Sebastián Grimón: “Las campanas, además de ser historia y cultura, hacen un bien público y social”

La noticia de un nuevo escrito presentado por una veintena de vecinos solicitando al Ayuntamiento que inste a la Parroquia a silenciar las campanas de la Iglesia de San Mateo incluso de día, ha desatado nuevamente la polémica entre los vecinos.

Los casi 200 comentarios que los internautas han dejado en la página de Facebook de Noticias de San Mateo desde la pasada semana denotan un malestar general con esta nueva queja. Malestar que se siente también en la propia Parroquia, cuyo sacerdote, Sebastián Grimón, asegura que ya ha puesto el asunto en manos de abogados. Hablamos con él.

 

–  Las campanas han vuelto al centro de la polémica, ¿qué opinión le merece?

Absurdo. No lo entiendo. Las campanas hacen un servicio público, no privado.
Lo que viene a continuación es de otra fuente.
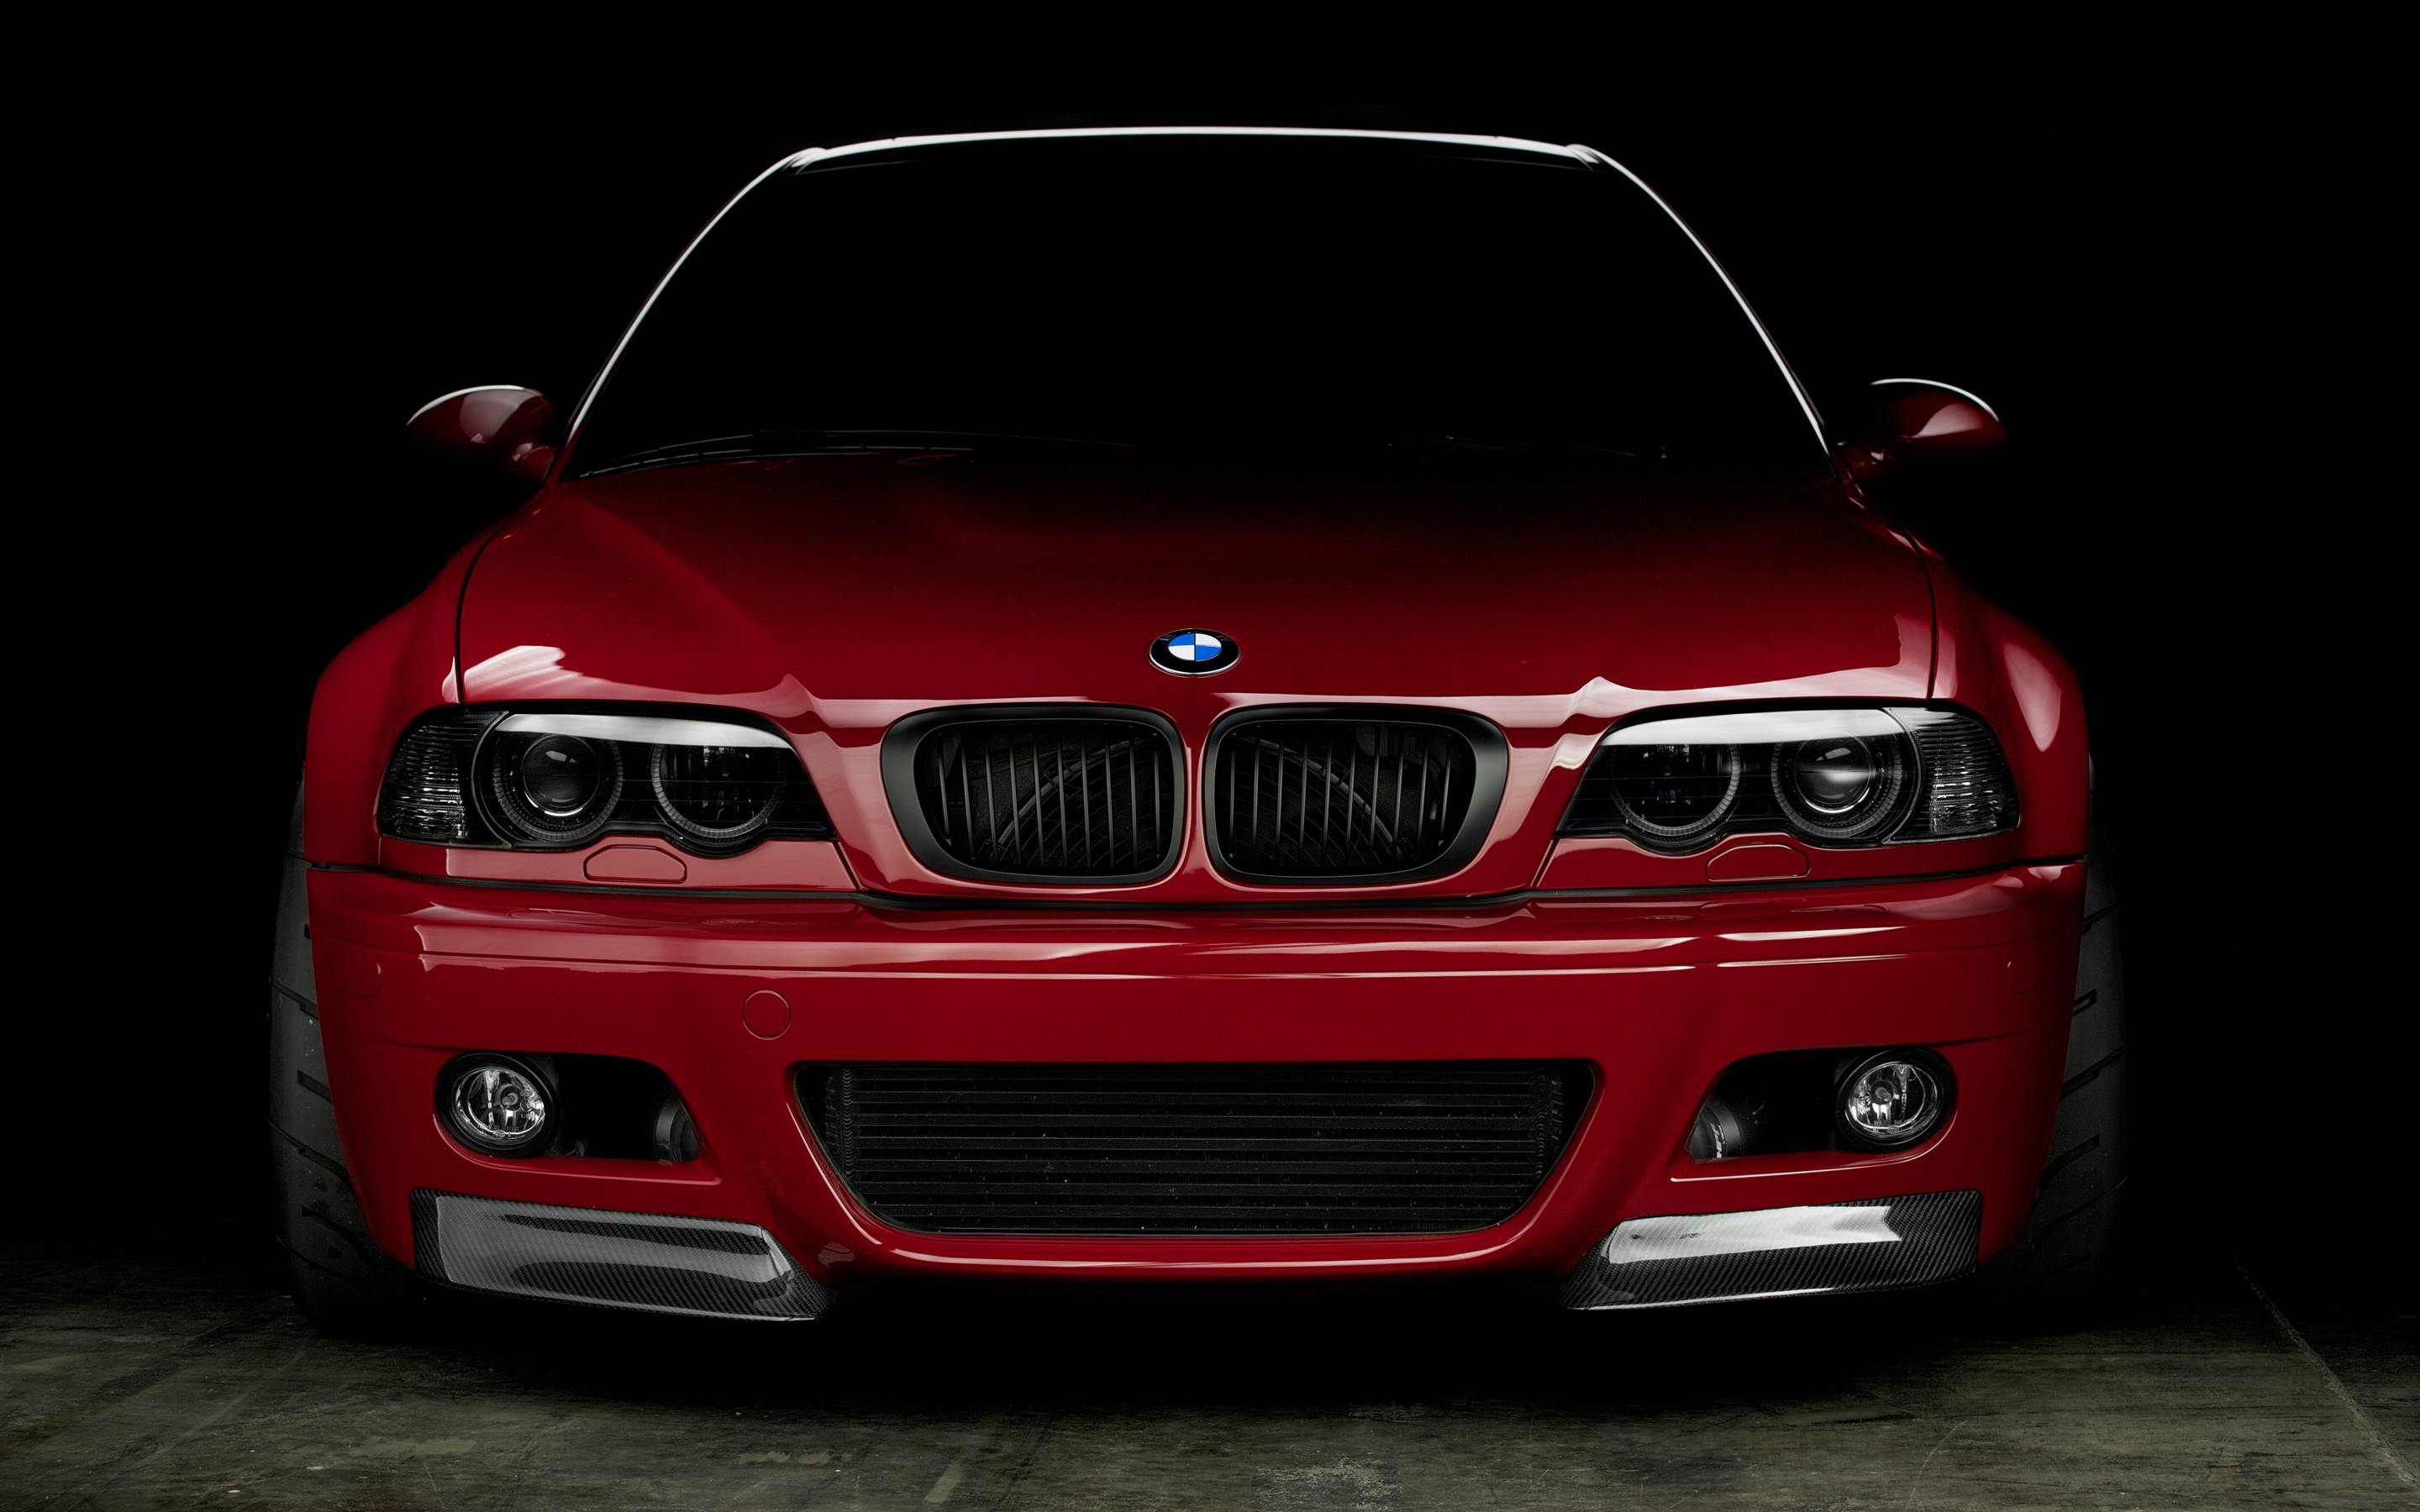 APEX Wallpapers – Imola Red BMW E46 M3

Hacen un bien a todo el pueblo, por lo que no entiendo que pueda haber ninguna ley, por muy ley que sea, que anule el servicio público para convertirlo en un servicio privado. Las campanas hacen un bien común para toda la comunidad. No se tocan cuando al cura le da la gana. No son un capricho ni del alcalde, ni de ningún partido. Hacen un servicio público y tienen un carácter histórico. A diario, cuando marcan las horas, las campanas marcan las pautas de convivencia de la sociedad, recuerdan a los vecinos lo que tienen que hacer en su día a día…  Según los datos que tenemos en la parroquia están sonando desde el año 1.803. Nunca han molestado, y ahora resulta que les molesta a unas cuantas personas.

 

–  El Ayuntamiento tendrá que requerir ahora a la Parroquia que regule el sonido de las campanas. ¿Qué va a hacer la Parroquia?
Yo ya he pedido al Ayuntamiento los escritos y las firmas que se han presentado porque he ido a un abogado y me ha dicho que le entregue todo para estudiarlo, y cuando lo vea veremos cómo tenemos que proceder. Por otro lado, hay mucha gente que me está diciendo que tenemos que recoger firmas a favor de que sigan sonando, que tenemos que manifestarnos… pero yo no quiero dar esos pasos aún a ver si cuando veamos los escritos podemos llegar a un entendimiento. Por eso yo le pido a los señores que han pedido la suspensión de las campanas, que tengan la amabilidad de retirar esos dos escritos.

–  ¿Se ha dirigido a usted alguna de las personas firmantes?
Nadie. Alguno incluso me ve por la calle y me vuelve la cara.

–  ¿Sería posible llegar a un acuerdo intermedio con las personas que se quejan?
Pues no lo sé. No lo sé porque, como le digo, a mí no se han dirigido, sólo sé que han entregado escritos en el Ayuntamiento, por lo que no sé realmente si es posible llegar a un acuerdo.

 

–  ¿Qué propone?

Pues les propongo, a las personas que se quejan, que piensen en el bien común. Y que si lo necesitan, tomen sus medidas. Que adapten sus casas, por ejemplo, con doble cristal para amortiguar el ruido. También hay tapones para los oídos… hay mil soluciones sin tener que perjudicar a todo un pueblo. Es mucha la gente que me dice por la calle que sin las campanas no se sabe ni la hora que es, y lo más increíble es que según sé, hay personas que han firmado que ni siquiera viven aquí a diario, sino que vienen sólo los fines de semana. Hay que ser serio y responsable. Las campanas forman parte de la historia de los pueblos.

 

– La nueva petición no pasa sólo por eliminar el sonido de las campanas de noche, sino también de día…
Por eso digo que es un absurdo. ¿Cómo van a quitar el sonido de las campanas del pueblo? Porque las campanas no son ni de la iglesia, ni del ayuntamiento, sino del pueblo. Fueron pagadas con dinero de gente del pueblo, de emigrantes que tuvieron que salir de aquí para poder sobrevivir.

 

–  A buen seguro, alguna persona de las que firmaron ese escrito, va a leer esta entrevista. ¿Qué le diría?
Que se paren a pensar, que piensen en la ciudadanía de San Mateo. Hay que pensar, insisto, en el bien común, en la historia, en la idiosincrasia del pueblo. Es más, les diría que no sólo habría que dejarlas como están, sino recuperar otra serie de toques que se hacían antes, como el Angelus, que antes se tocaba aquí a mediodía, o la Oración del Alba, que se tocaba de madrugada… En cualquier caso, nosotros vamos a luchar porque las campanas sigan sonando, como debe ser.